Here are a couple of examples of ‘problem-based thinking’:
If people have access to guns, some small number of them will misuse those guns. That’s a ‘problem’, and the ‘solution’ is to take guns away from everyone.
If people have access to drugs, some small number of them will misuse those drugs. That’s a ‘problem’, and the ‘solution’ is to take drugs away from everyone.
But really, these are just special cases of a more general ‘problem’:
If people have freedom, some small number of them will misuse that freedom. That’s a ‘problem’, and the ‘solution’ is to take freedom away from everyone.
But consider Daniel in the lion’s den. Does he have a problem? Or is he just experiencing the consequences of his refusal to compromise his beliefs?

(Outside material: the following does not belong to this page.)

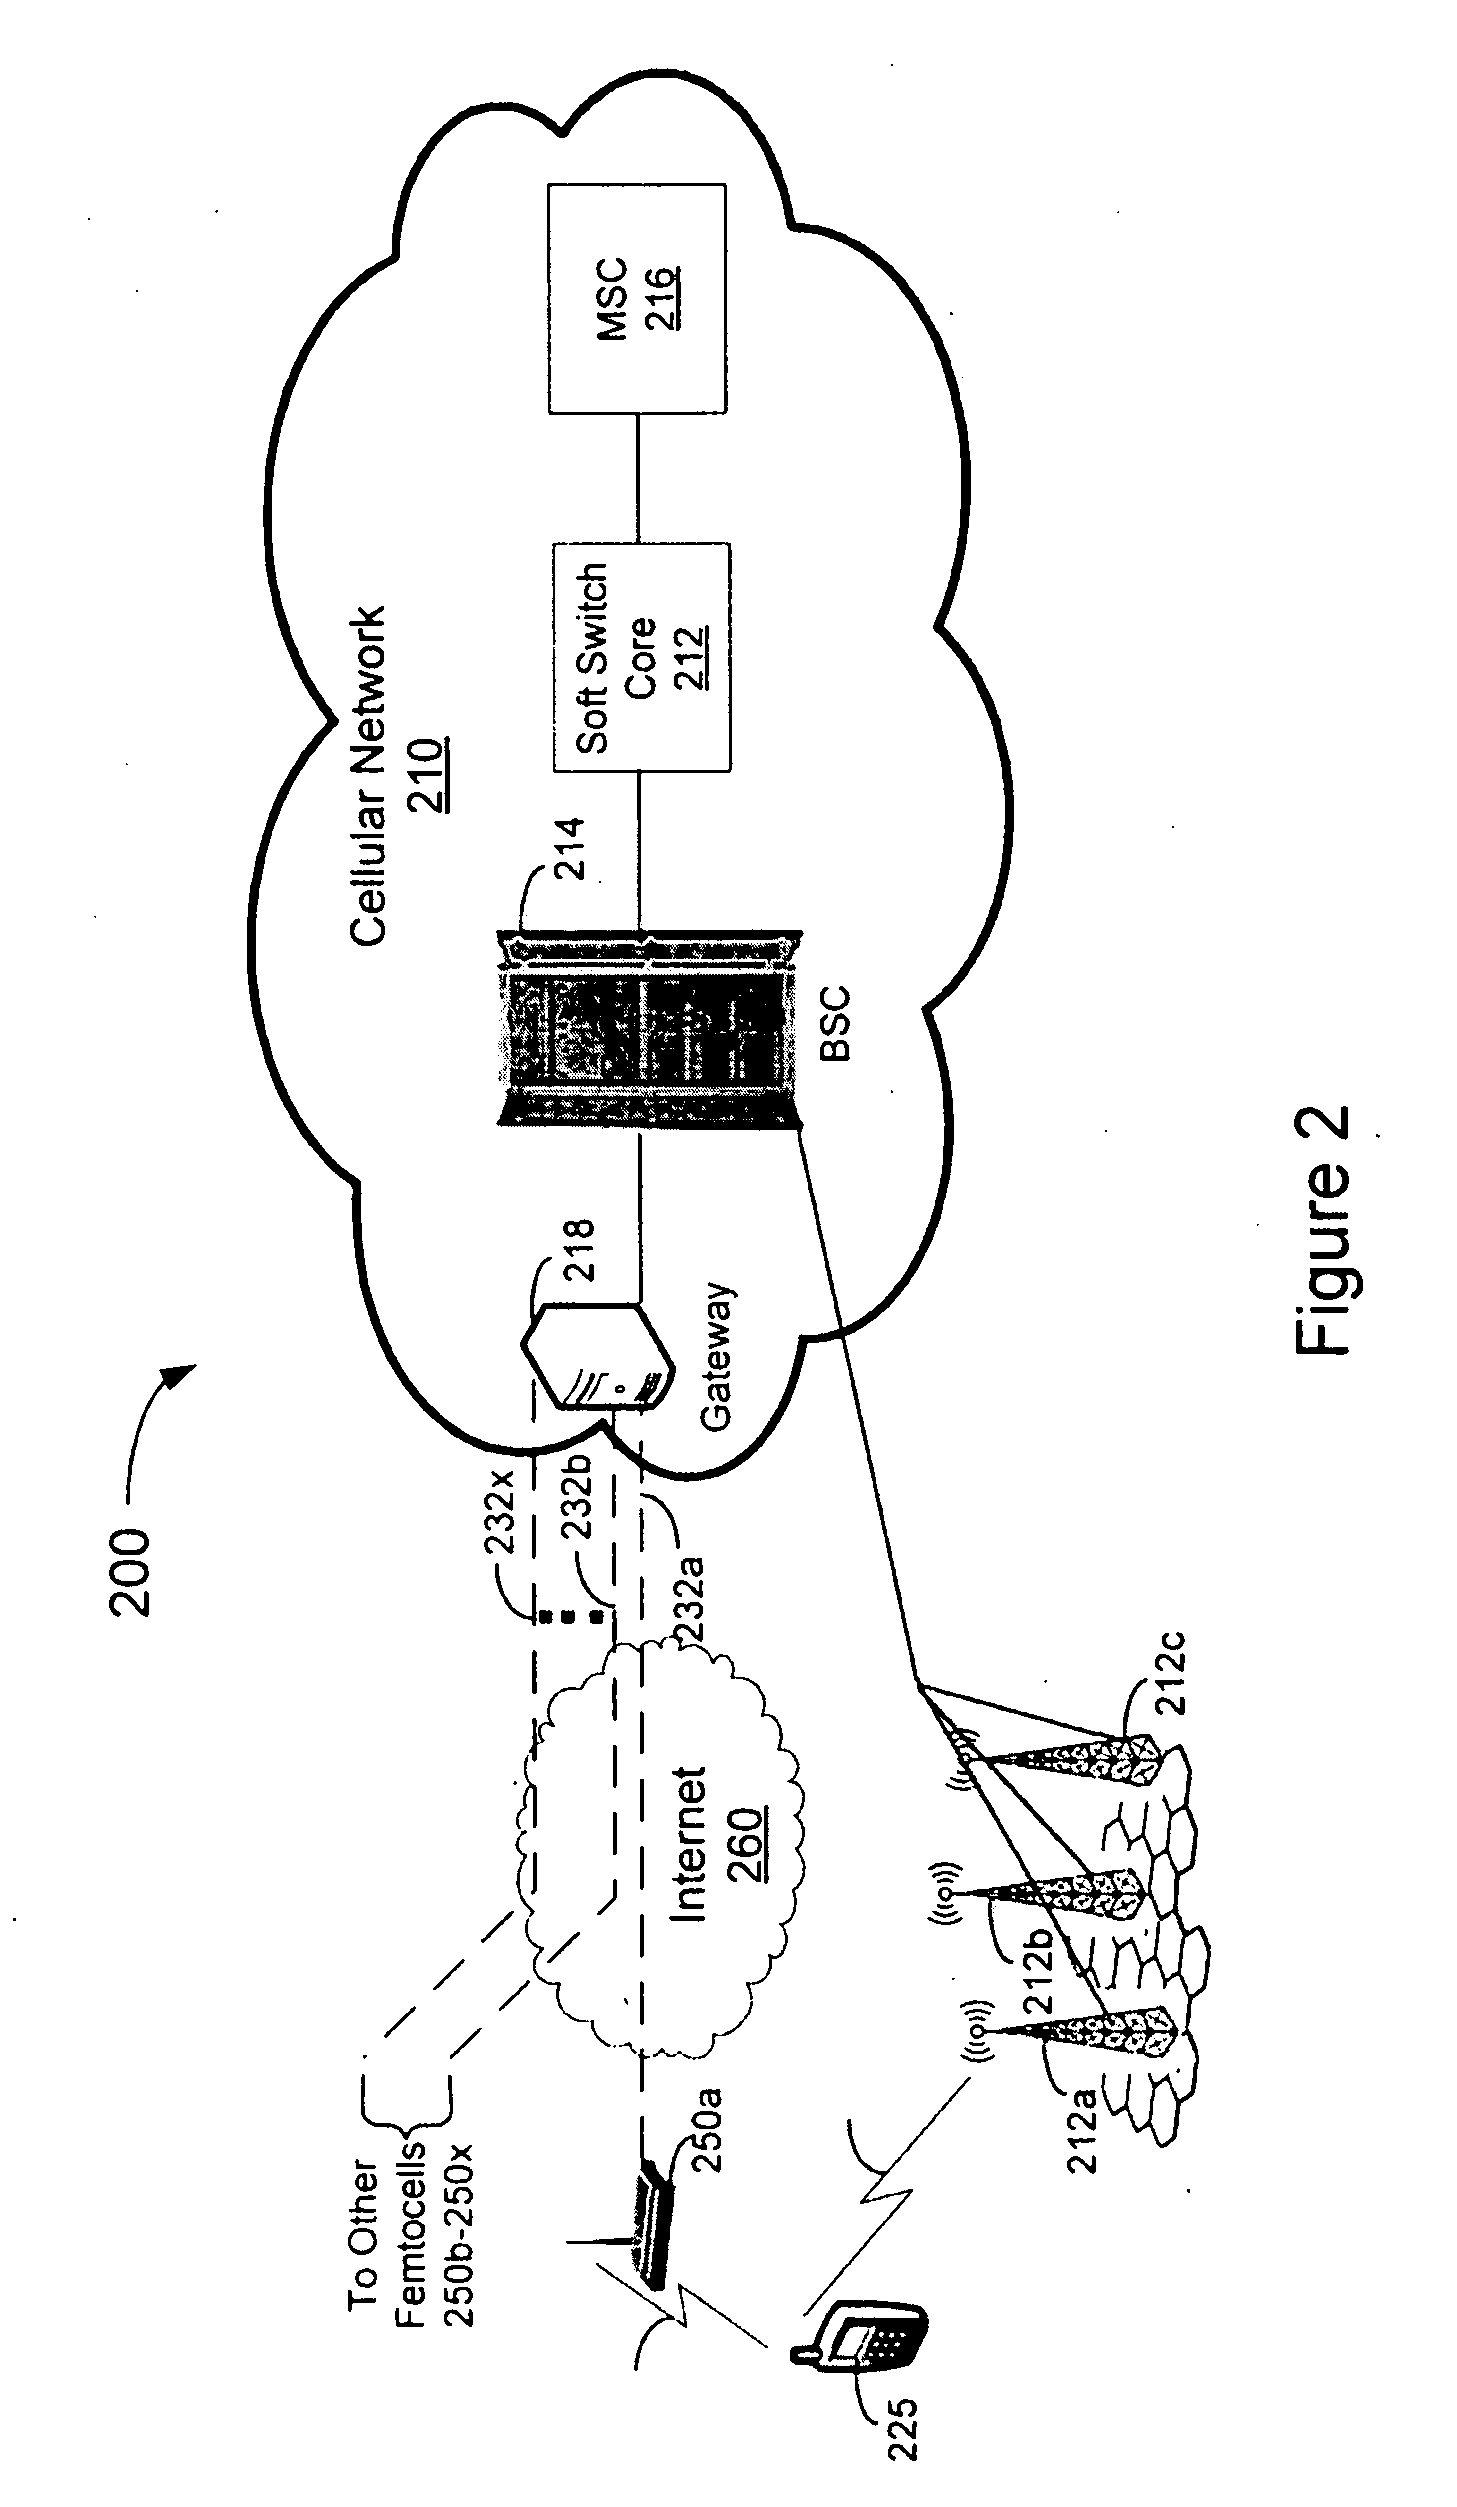 System, method, and computer-readable medium for short message service termination processing by a femtocell system

Or consider Jesus, about to be crucified. Does he have a problem? Or is he just experiencing the consequences of accepting his identity?
What about Socrates? Joan of Arc? Thomas More? Nathan Hale? The signers of the Declaration of Independence? Problems or consequences?

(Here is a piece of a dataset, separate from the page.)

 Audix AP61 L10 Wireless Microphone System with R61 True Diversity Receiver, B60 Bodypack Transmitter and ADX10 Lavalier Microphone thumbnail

Would we want any of them to compromise their principles in order to get a different outcome? In fact, don’t we hold them up as examples of why it’s important not to do that?
If we adopt some principles, and they lead to certain undesirable consequences, then that’s just something we live with, and try to prepare for.

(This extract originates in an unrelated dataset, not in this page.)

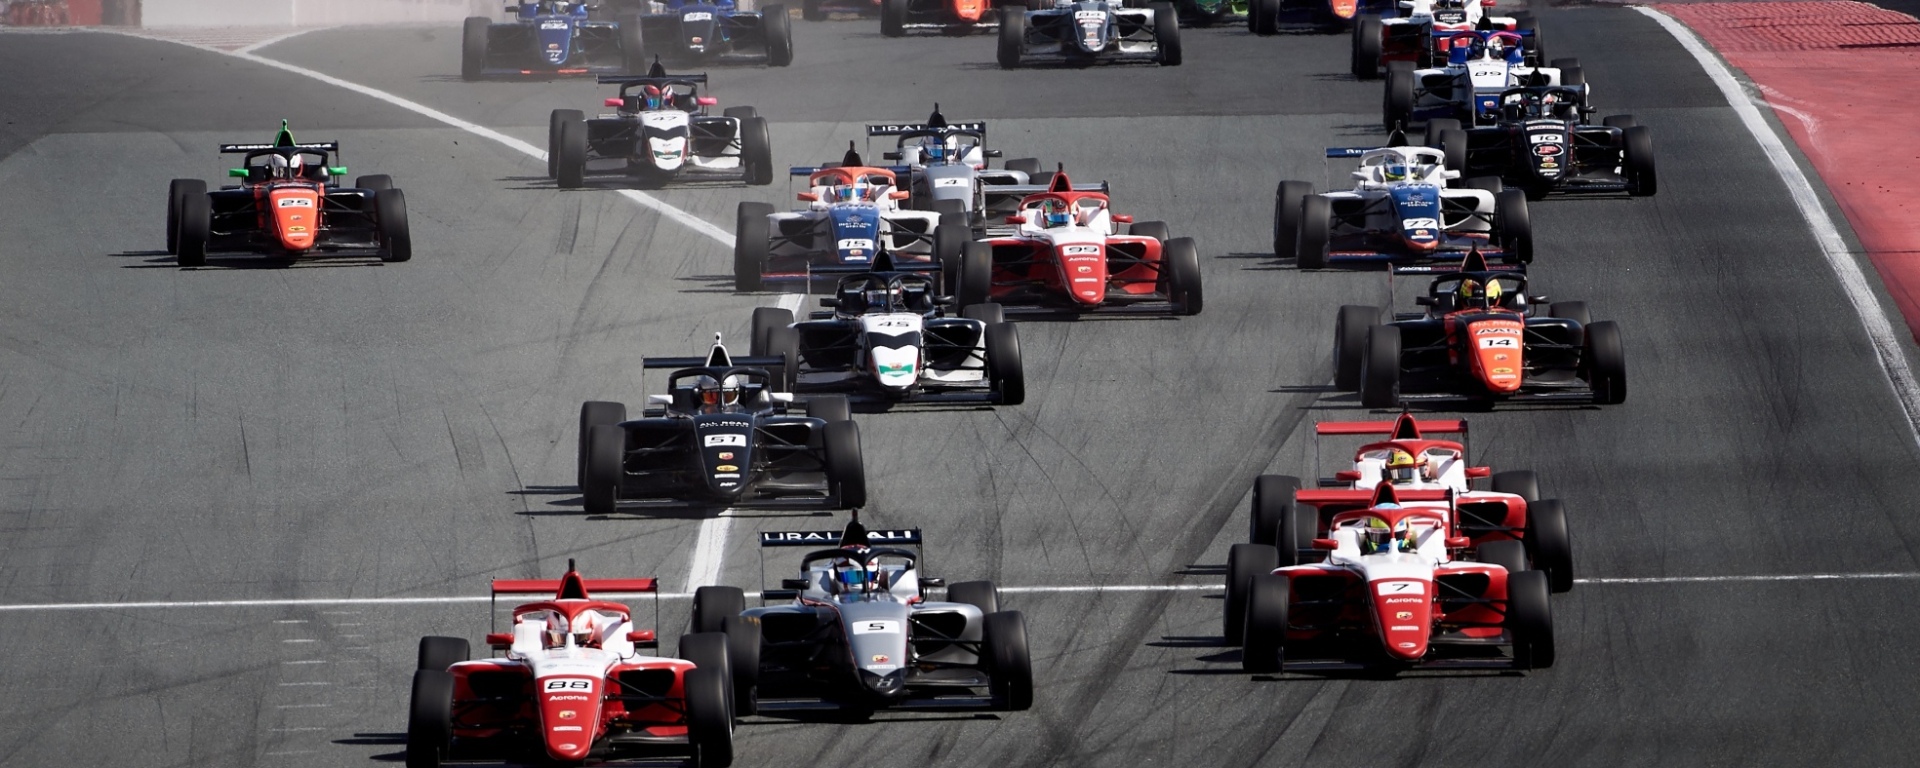 A group of 25+ open-wheel cars heads downhill on a straight

(The ultimate expression of this would be our state motto. No, not the new one, ‘Public Health Trumps Everything‘. I’m talking about the old, untruncated version: ‘Live Free or Die. Death is not the worst of evils.’)
But as soon as we call one of those consequences a ‘problem’, we flip the normal process (‘Be true to your principles, and accept whatever follows from that’) on its head.
Suddenly the most important thing isn’t following some principles, but obtaining some outcome; and the fact that there’s a ‘problem’ means that everyone will look for a ‘solution’, even when that’s not appropriate.
For example: We don’t have a ‘gun violence problem’, or an ‘opioid use problem’, or a ‘disinformation problem’. In each of those cases, what we have is a ‘consequence of freedom for which some of us have not adequately prepared’.
Given the inherently lazy and short-sighted nature of political processes, the ‘solutions’ to various ‘problems’ will invariably require ignoring, or even reversing, some of the principles that we have long declared to be essential.
Someone has been shot? Let’s take away guns! Someone has said something hurtful? Let’s outlaw unpopular speech! Someone might get away with a crime? Let’s presume guilt instead of innocence! And so on.
As Confucius noted, the first step towards wisdom is to call things by their right names. So the first step away from wisdom would be to call things by their wrong names.
The surest way to accelerate the erosion of our rights is to continue to elevate outcomes above principles, which begins by talking about consequences as if they are problems.